CAST & CREDITS

cast:
Chen Shiang-Chyi, Lee Kang-Sheng, Lu Yi-Ching, Yang Kuei-Mei, Sumomo Yozakura, Hsiao Huan-Wen

regia:
Tsai Ming-liang

distribuzione:
Bim

durata:
109'

produzione:
Arena Films, Homegreen Films

sceneggiatura:
Tsai Ming-Liang

fotografia:
Liao Pen-Jung

scenografie:
Lee Tian-Jue, Timmy Yip

montaggio:
Chen Sheng-Chang

costumi:
Sun Huey-Mei

Il gusto dell'anguria | Recensione | Ondacinema

Il gusto dell'anguria

di Tsai Ming-liang

grottesco, Taiwan (2004)

di Alessandro Montisci

Voto: 8.0
Taiwan, una caldissima estate contemporanea. Afa insopportabile, invano scacciata con centrifugati d'anguria, suggeriti dalla tv per risparmiare acqua. Pelle, sudore, corpi, orgasmi. Bottiglie di plastica ovunque: chi ruba acqua ai bagni pubblici, chi, addirittura, vi si immerge furtivamente, di notte, nei raccoglitori sparsi sui tetti.

Due anime vaganti tra vicoli e motorini, scorci orientali e futuristici cavalcavia, asfalto e asettici interni: lunghi corridoi annegati nell'indifferenza. Alienazione, desolazione, silenzio.

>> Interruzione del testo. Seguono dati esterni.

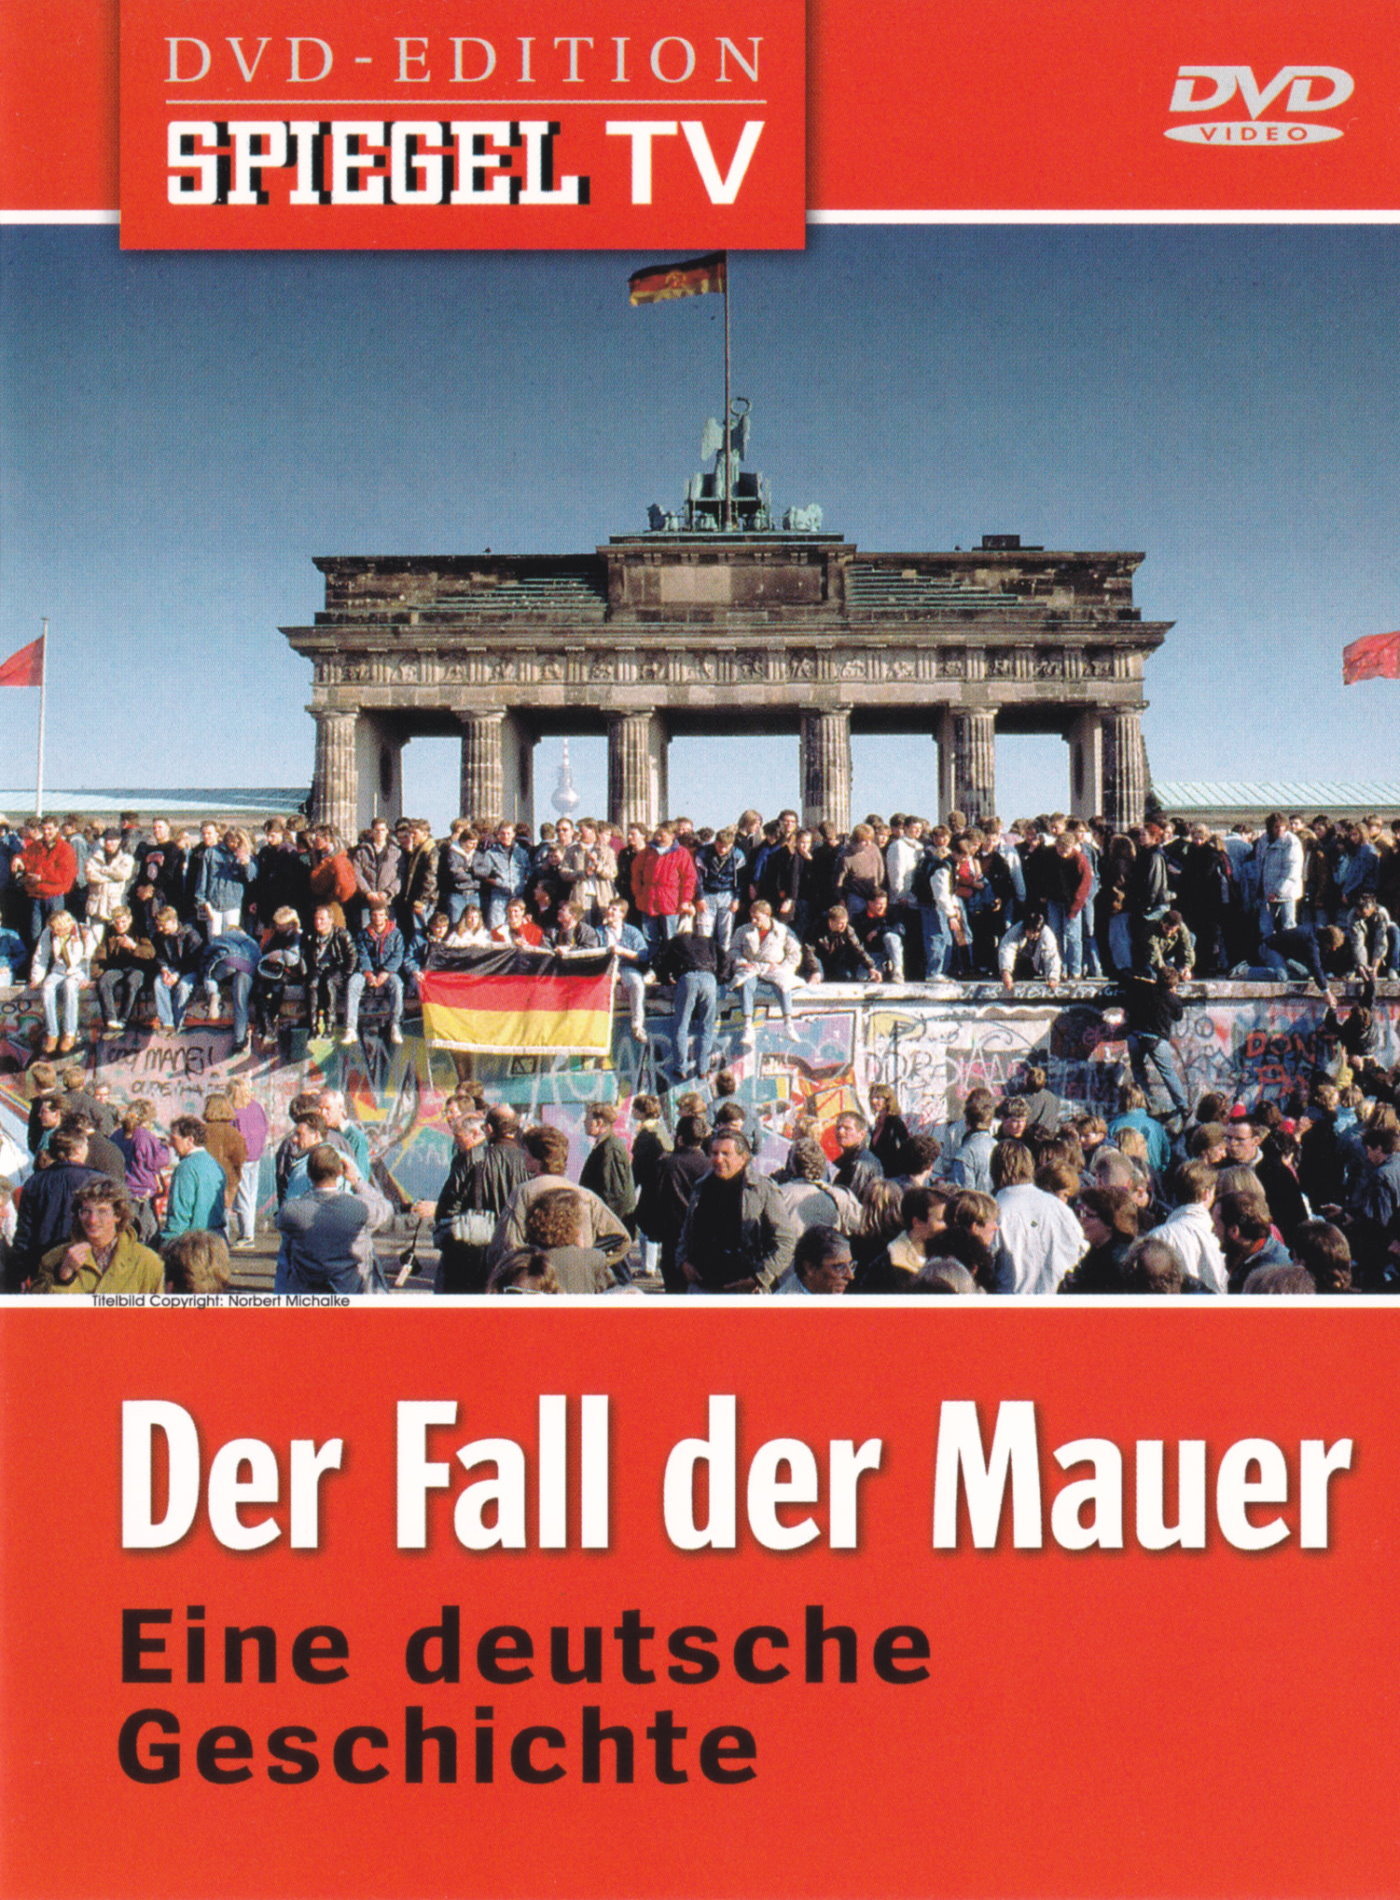 Cover - Der Fall der Mauer - Eine Deutsche Geschichte.jpg

Sul set di un film porno, Hsiao Kang e una giovane collega sperimentano guscio e polpa del grosso frutto protagonista creando una delle più geniali sequenze grottesche degli ultimi anni. Poi c'è la complicata Shyang Chyi, vecchia amica dell'ex orologiaio neo-stallone, perennemente appesa a caraffe di succo d'anguria. Cerca di aprire, disperatamente, una valigia e spera di riuscire a farsi l'ultima doccia prima del suicidio dei rubinetti. Sempre per terra, schiena al pavimento, come gli stessi granchi vivi che cerca di afferrare per un'improbabile ricetta.

Scrutiamo i due giovani tra le fessure di questo assurdo quotidiano: si frequentano senza chiedersi nulla (neppure noi). Sigarette e bicchieri, una specie di amaca fissata sulla tromba delle scale (fotogramma meraviglioso), magie continue di una regia impazzita in un turbine eccentrico di fantasia e intelligenza mentre le scene 'cult' si moltiplicano inarrestabili. Ipnotico via vai di zoccoletti e ciabatte, rumore di cellophane e videocassette, lingue, baci, desiderio. Traiettorie ripetute all'infinito, sempre uguali, indefesse, cieche.

Intanto, il nodo della siccità si fa sempre più stretto e la macchina da presa, obliqua e asfissiante, continua a strisciare simpaticamente al suolo. Citazioni colte che mixano Tarantino e Lynch, Mizoguchi e Wakamatsu, Polanski e Oshima in un crescendo delirante fino all'inenarrabile apoteosi erotica finale. Prenotate una doppia visione senza pietà: capolavoro di metà decennio.